Should our training set be large enough, the influence of the priors will decrease and finally will loose their influence on the probabilities at all. This is called Ergodic Process. Due to this effect, it does not matter that some of the priors might be wrong.

Unfortunately, in practice the size of the training data is normally much to small to observe this Ergodic Process. Pseudocounts are an implementation of priors. Imagine an alignment column with some As, Cs and Gs but no Us. With posteriors only, it would never be possible to align an U to this column, even if all the remaining alignment would perfectly fit. Instead of completely prohibit an U, we want to assign a low probability with it. A sound stochastic model never sets probabilities to zero, but to a very low value at least. These values are the priors. The simplest way for priors, without the need of any prior knowledge, are pseudocounts. Before counting characters in the training data, we initialize each character occurrence with 1 instead of 0. Thus, the frequency in our example for U is 1(n+|A|) - where |A| is the size of the DNA alphabet - instead of 0. More advanced pseudocounts would use different initialization values e.g. for different characters.

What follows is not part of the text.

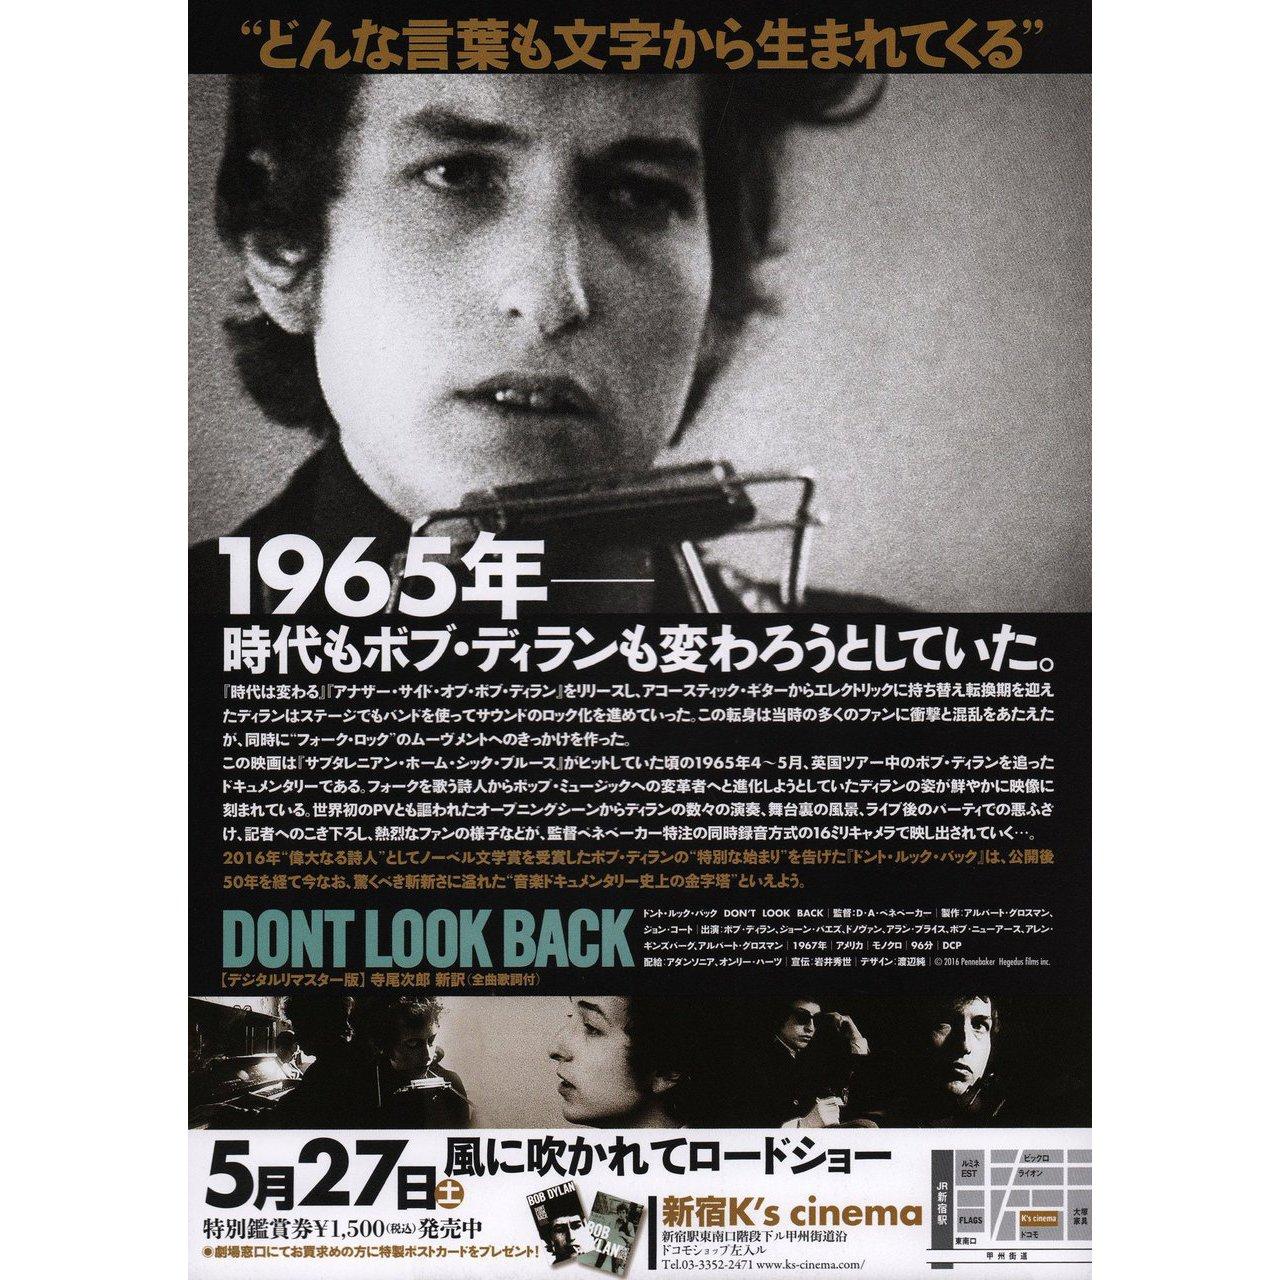 Original 2016 re-release Japanese B5 chirashi flyer for the 1967 documentary film Don't Look Back directed by D.A. Pennebaker with Bob Dylan / Albert Grossman / Bob Neuwirth / Joan Baez. Fine condition, rolled. Please note: the size is stated in

We offers two sets of priors, namely "near zero priors" and "Dirichlet Mixtures for G5". The first set uses 10^-7 to initialize all values, the second set distinguishes between transition- and emission- probabilities. For the latter we uses Dirichlet mixtures.

EM

Expectation maximization should compensate for over-fitting, by finding a suitable trade-off between priors and posteriors.

In principle, Expectation Maximization is an alternative method for computing sequence weights for a MSA (=multiple sequence alignment), to avoid ignoring underrepresented sequence types. Another perspective is to see it as a method to avoid over-fitting for the maybe non representative set of known training data for a family. Expectation Maximization theory for Covariance Models is well presented in [ KRO:MIT:1995]. It"s practical implementation is described in [ JOH:2006].

GSCweights

Family sequences, i.e. MSA (= multiple sequence alignment) rows, do not contribute equally to the Covariance Model counts. Often the given RNA family, and thus the MSA, can be subdivided into, say, sub-families A and B. Due to different biological interests, different levels of experimental difficulties or whatever, the MSA might have many representatives for A, but only a few for B.

Since the Covariance Model should be able to detect both sub-families with equal strength, we can use different weights for training with the MSA sequences of both sub-families. The few sequences of B will have a higher weight than the many sequences of A, such that in the end both sub-family sequences will have the same influence to the final score.

With activated GSCweights we use the "Gerstein /

Sonnhammer / Chothia tree weights", which is "unweighted pair group method using

arithmetic averages" (UPGMA) clustering (see pages 167ff. [ DUR:EDD:KRO:MIT:2002]) plus a method to infer

weights from the cluster tree [ GER:SON:CHO:1994].